Kirill Olegovich Kaprizov (; born 26 April 1997) is a Russian professional ice hockey left winger for the Minnesota Wild of the National Hockey League (NHL). Before joining the Wild, Kaprizov played for Metallurg Novokuznetsk, Salavat Yulaev Ufa and CSKA Moscow in the Kontinental Hockey League (KHL). Kaprizov won the Calder Memorial Trophy as NHL rookie of the year in 2021, becoming the first Wild player to win the award. He is known to fans by the nickname “Dolla Dolla Bill” and "Kirill the Thrill".

Early life
Kaprizov grew up in a small village about 60 miles (96.56 kilometers) outside Novokuznetsk, Russia. He began playing hockey at age four, traveling daily between his village and downtown Novokuzentsk for practice, before eventually moving to the city to further his hockey career. Kaprizov played in the Metallurg Novokuznetsk hockey school from a young age, progressing to the Kuznetskie Medvedi junior team before beginning his professional career with the senior team in 2014.

Playing career

KHL career (2014–2020)

Kaprizov made his Kontinental Hockey League (KHL) debut playing with his hometown club, Metallurg Novokuznetsk, during the 2014–15 KHL season, after being drafted first overall in the 2014 KHL Junior Draft. On 21 August 2015, Kaprizov was signed to a three-year contract extension to remain with Metallurg Novokuznetsk.
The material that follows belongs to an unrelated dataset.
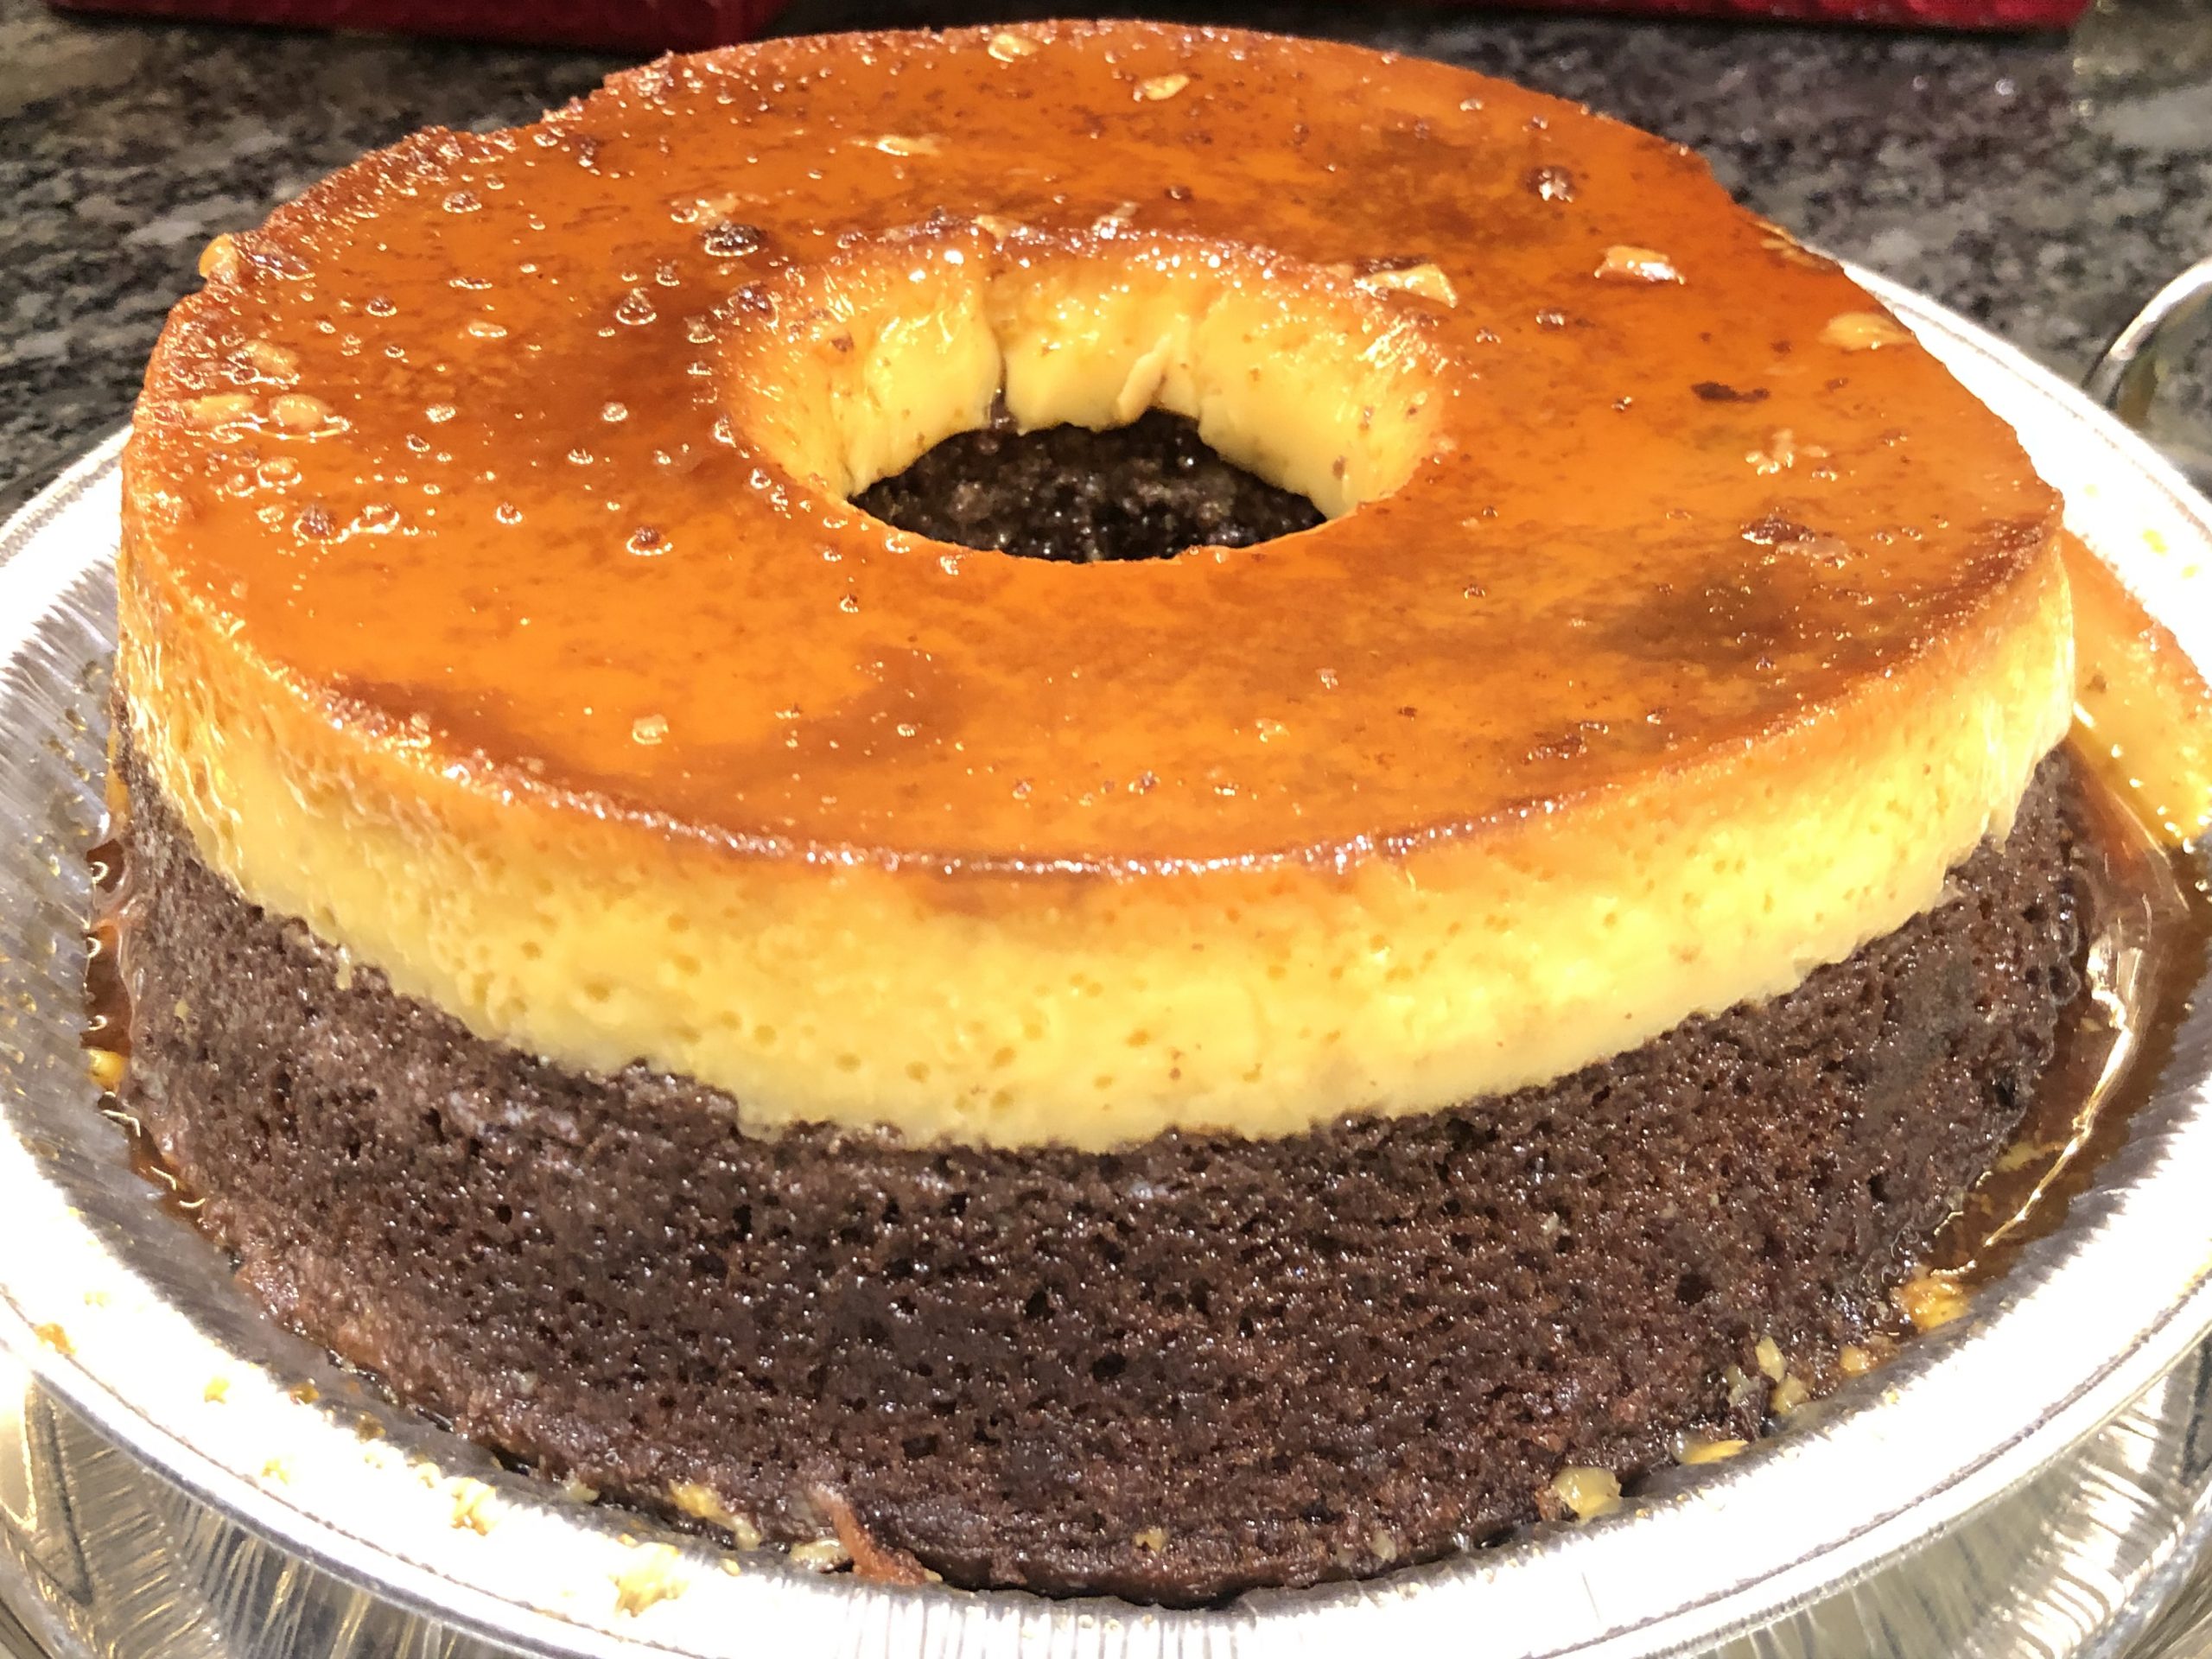 Mexican Chocoflan Impossible Cake Recipe (Magic Cake)
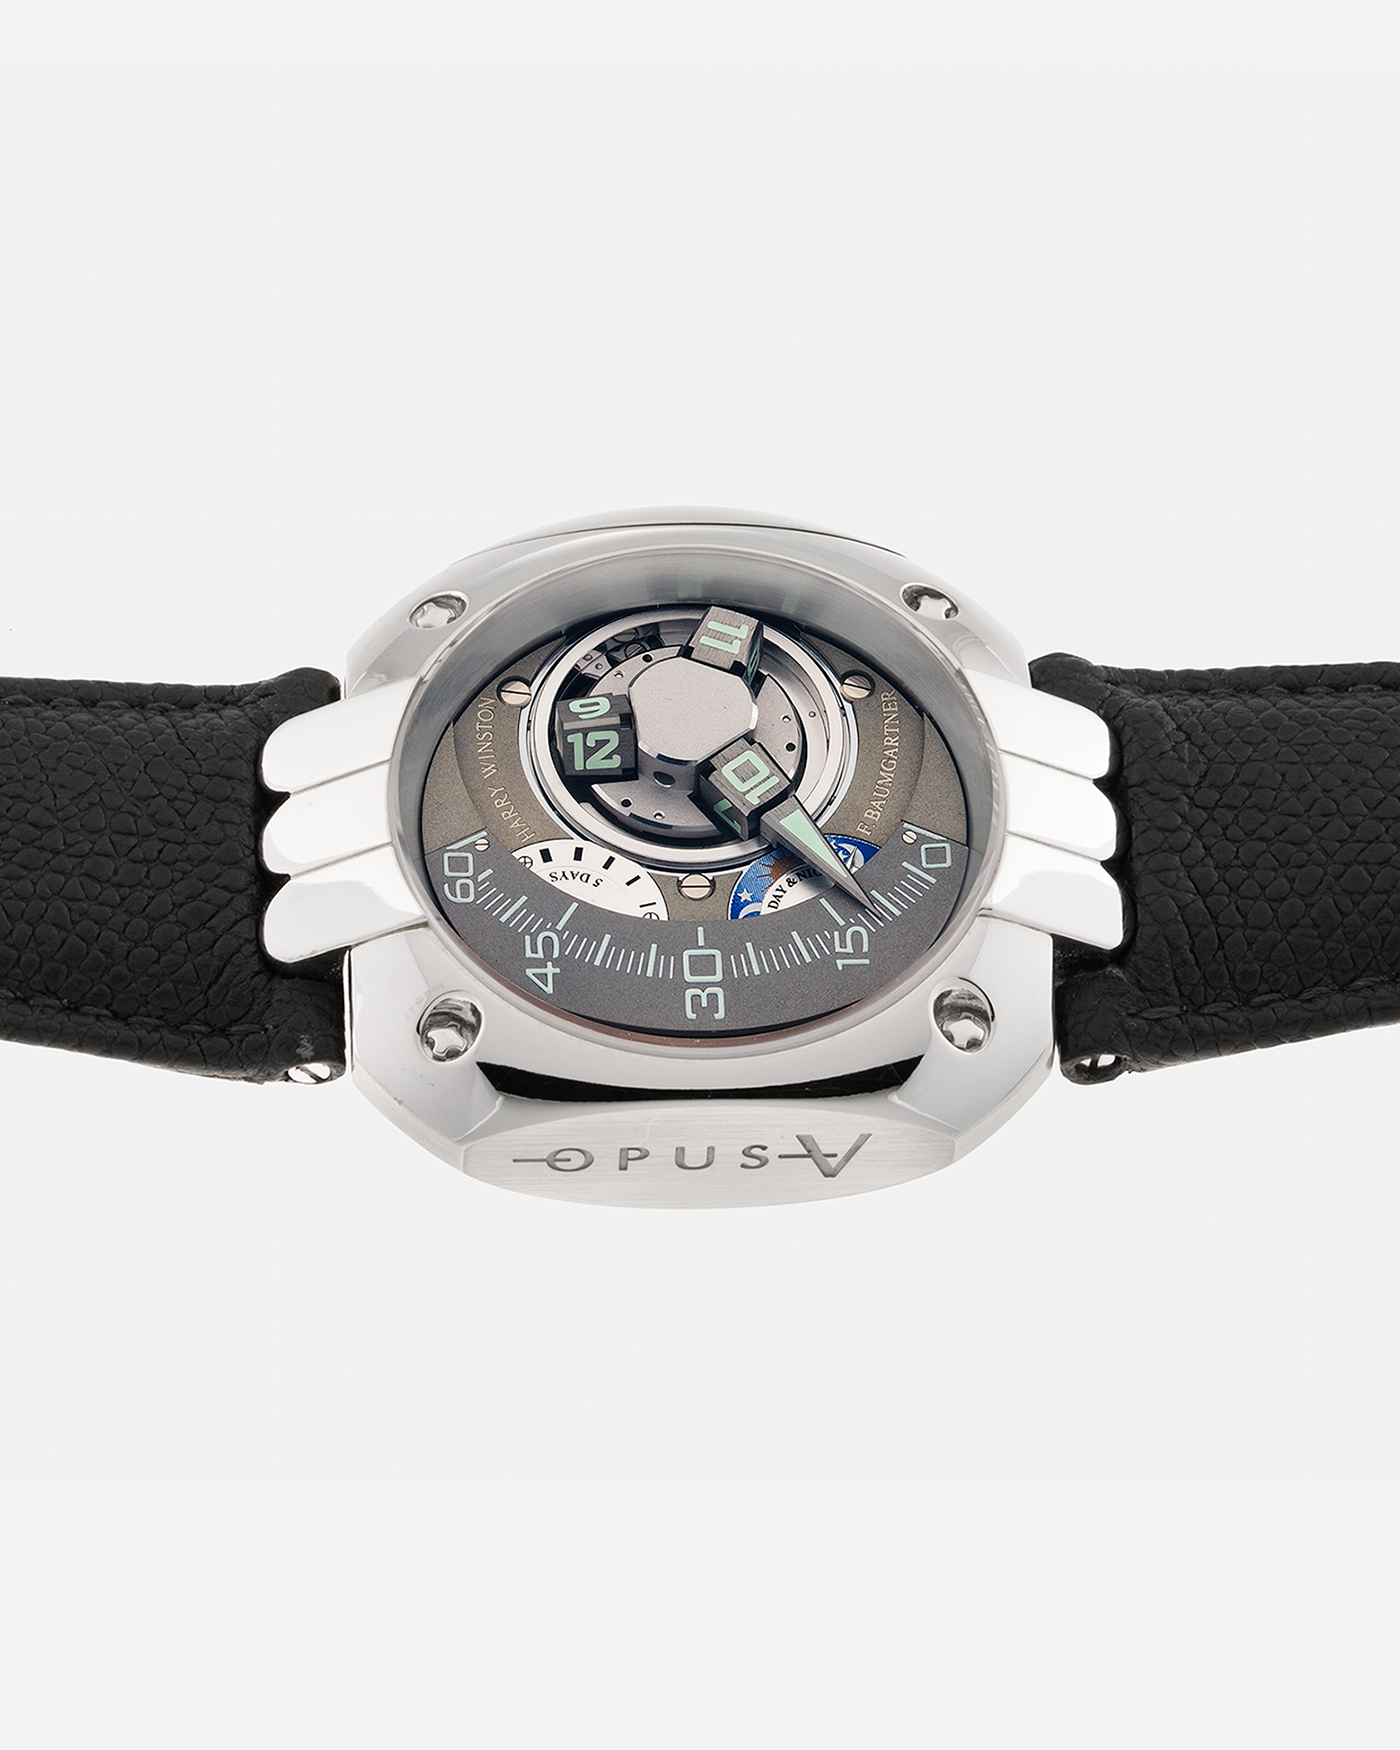 Brand: Harry Winston Year: 2005 Model: Opus V, Limited Edition of 45 pieces in Platinum Material: Platinum 950 Movement: Harry Winston Cal. HW1026 in ARCAP Alloy, Manual-Winding Case Diameter: 50mm Strap: Philips Grey Calf Leather Strap with Signed Platinum Tang Buckle

On 2 May 2016, he was traded to Salavat Yulaev Ufa. He would play one season for Ufa, totaling 42 points in 49 games before being traded to CSKA Moscow in 2017 in exchange for monetary compensation. He played in the 2018 and 2019 Gagarin Cup finals, winning the latter. 

During his final season under contract with CSKA in 2019–20, Kaprizov set career-high marks with 33 goals (ranked 1 in the KHL), 29 assists, and 62 points (ranked 3 in the KHL) and tied his career best in games-played with 57. He registered his 100th career goal on 15 October 2019, becoming the youngest player in KHL history to do so, at 22 years, 172 days old. In the postseason, Kaprizov posted four points in CSKA's first-round series sweep against Torpedo Nizhny Novgorod before the KHL cancelled its season due to the COVID-19 pandemic. However, he and the rest of CSKA team were awarded the title of KHL champions based on regular standings. During his KHL career, Kaprizov was selected to five KHL All-Star Games in each year from 2016 to 2020.

Minnesota Wild (2021–present)
Kaprizov was drafted by the Minnesota Wild of the National Hockey League in the fifth round of the 2015 NHL Entry Draft, 135th overall. According to Wild owner Craig Leipold, the Wild's scouting department only became aware of Kaprizov when smog from the 2014 California wildfires delayed their flight home from a scouting trip in Russia. This allowed them to attend one of Kaprizov's games for Metallurg Novokuznetsk. Upon being drafted by the Wild, Kaprizov learned about Minnesota from his Novokuznetsk teammate and Minnesota native Ryan Stoa. He has credited Stoa with helping him to learn English to prepare for his career in the NHL.

Early career: Calder Trophy, contract extension, and franchise records
On 13 July 2020, Kaprizov signed a two-year, entry-level deal with the Minnesota Wild. The contract would include the 2019–20 season, which was impacted by the COVID-19 pandemic, but he did not play his first game until the 2020–21 season. Kaprizov made his NHL debut on 14 January 2021 against the Los Angeles Kings. He tallied three points, including the game-winning goal in overtime, in a 4–3 victory for the Wild. In this game, he became the first player in NHL history to score three points and an overtime goal in his debut, and became the third player in NHL history to score an overtime goal in his debut. He was subsequently named NHL First Star of the Week for the week ending 17 January. Kaprizov scored his first NHL hat trick on 12 March, in a 4–0 victory over the Arizona Coyotes. On 19 April, Kaprizov scored his 37th point, breaking the Wild's franchise record for points by a rookie, which was previously held by Marián Gáborík (in 2000–01). Despite the shortened 2020–21 NHL season as a result of the COVID-19 pandemic, Kaprizov set Wild franchise records for goals and points by a rookie, with 27 goals and 51 points. He would eventually be awarded the Calder Memorial Trophy as rookie of the year, becoming the first player in Wild franchise history to receive the honor. He received 99 out of 100 first place votes, the highest percentage since Teemu Selänne in 1993.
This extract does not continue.